In Germany and the Netherlands divorce is equally open to poor people, who receive State aid, and in Scotland there is a well-known system which is known as the Poors Roll, which is said to have existed since 1424. The Scots Parliament Act, which instituted this excellent procedure, commenced as follows: “If there be any poor creature who for lack of skill or expenses cannot nor may not follow his cause the King for the love of God shall ordain the judge before whom the cause shall be determined to purvey and get a leal and wise advocate to follow such poor creatures causes: and if such causes be obtained [won] the wronger shall indemnify both the party injured and the advocate’s costs and travail.” It is amazing to find in Scotland of the fifteenth century laws for the poor that we are only dimly thinking about in our vague uncertain timid way at the present day.

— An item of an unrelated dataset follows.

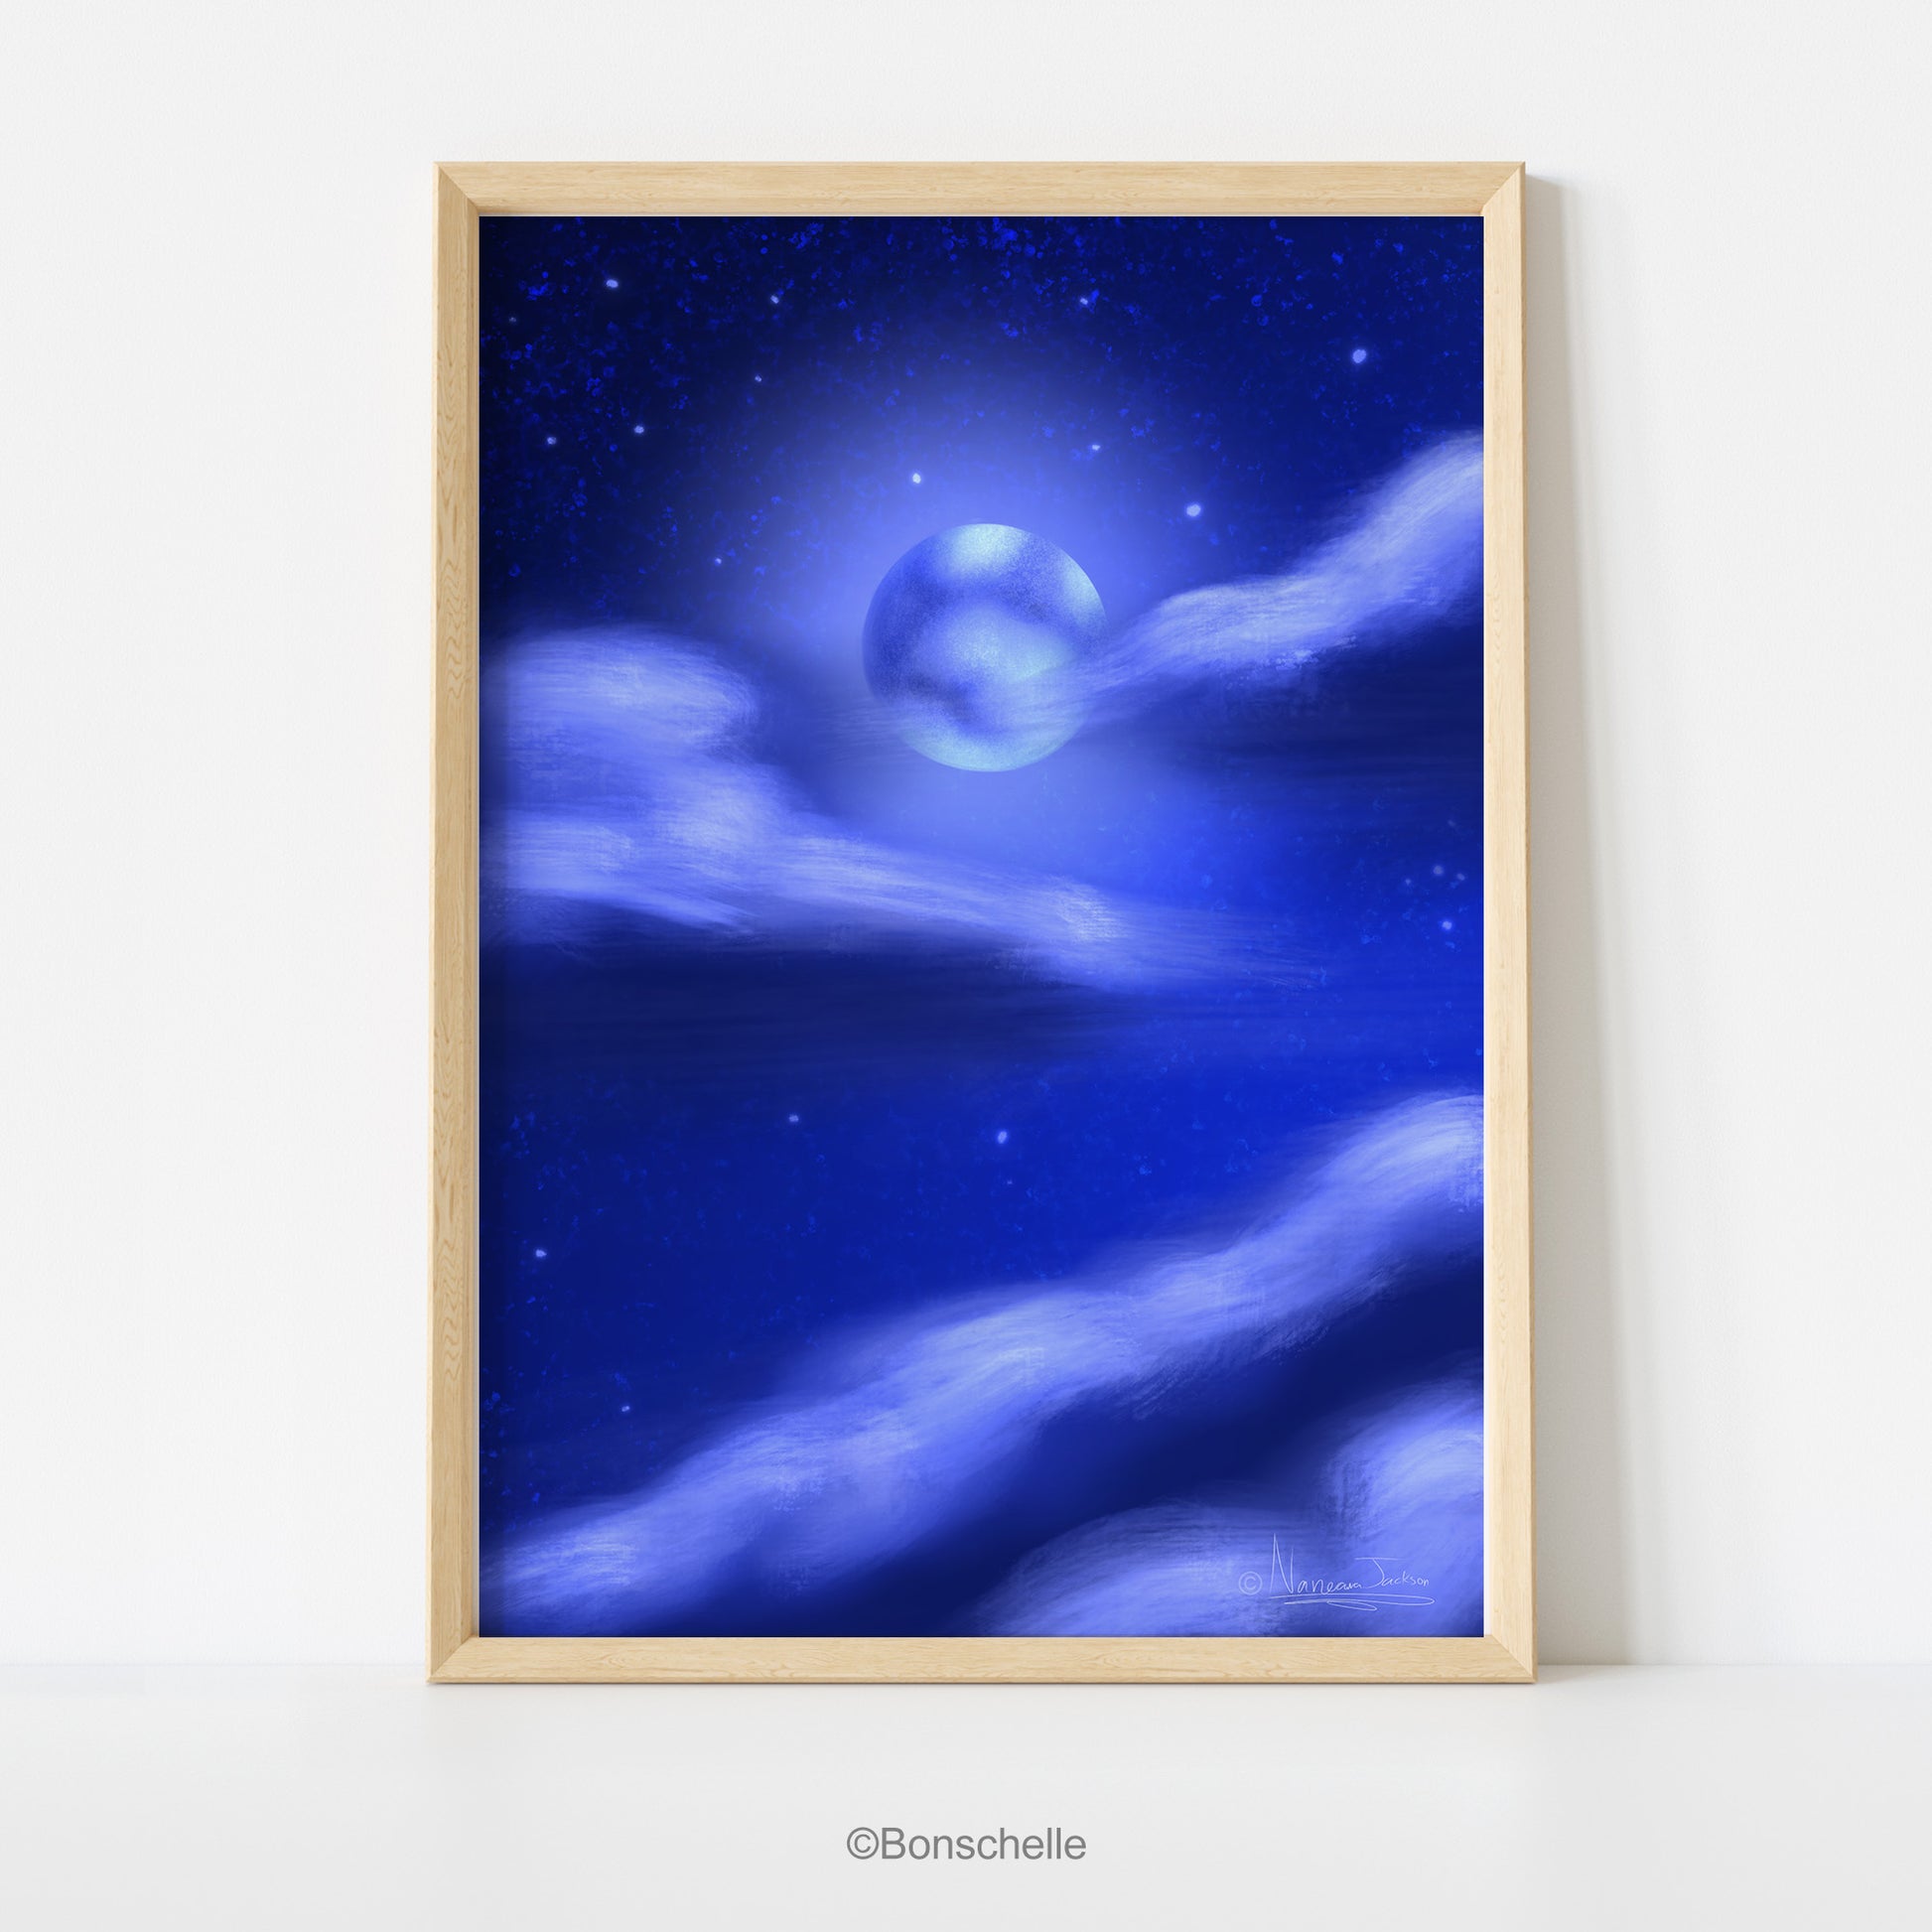 Original Art poster print with image of the Night Sky with full moon and clouds with pine-coloured wooden frame.

What actually happens to the poor man of the present day is set out in the following case—a very common one:—
Summoned in the City of London Court for the non-payment of forty-five pounds, his wife’s costs in a divorce suit in which he was the successful petitioner, a City messenger said that he received one hundred and seventeen pounds a year, and while the divorce suit was pending he paid his wife as alimony two pounds ten shillings a month. He had paid sixty-five pounds for his wife’s costs, and still owed forty-five pounds. He had obtained an order for payment of his own costs against the co-respondent, but as that person was only earning a few shillings a week he did not know if he would get anything.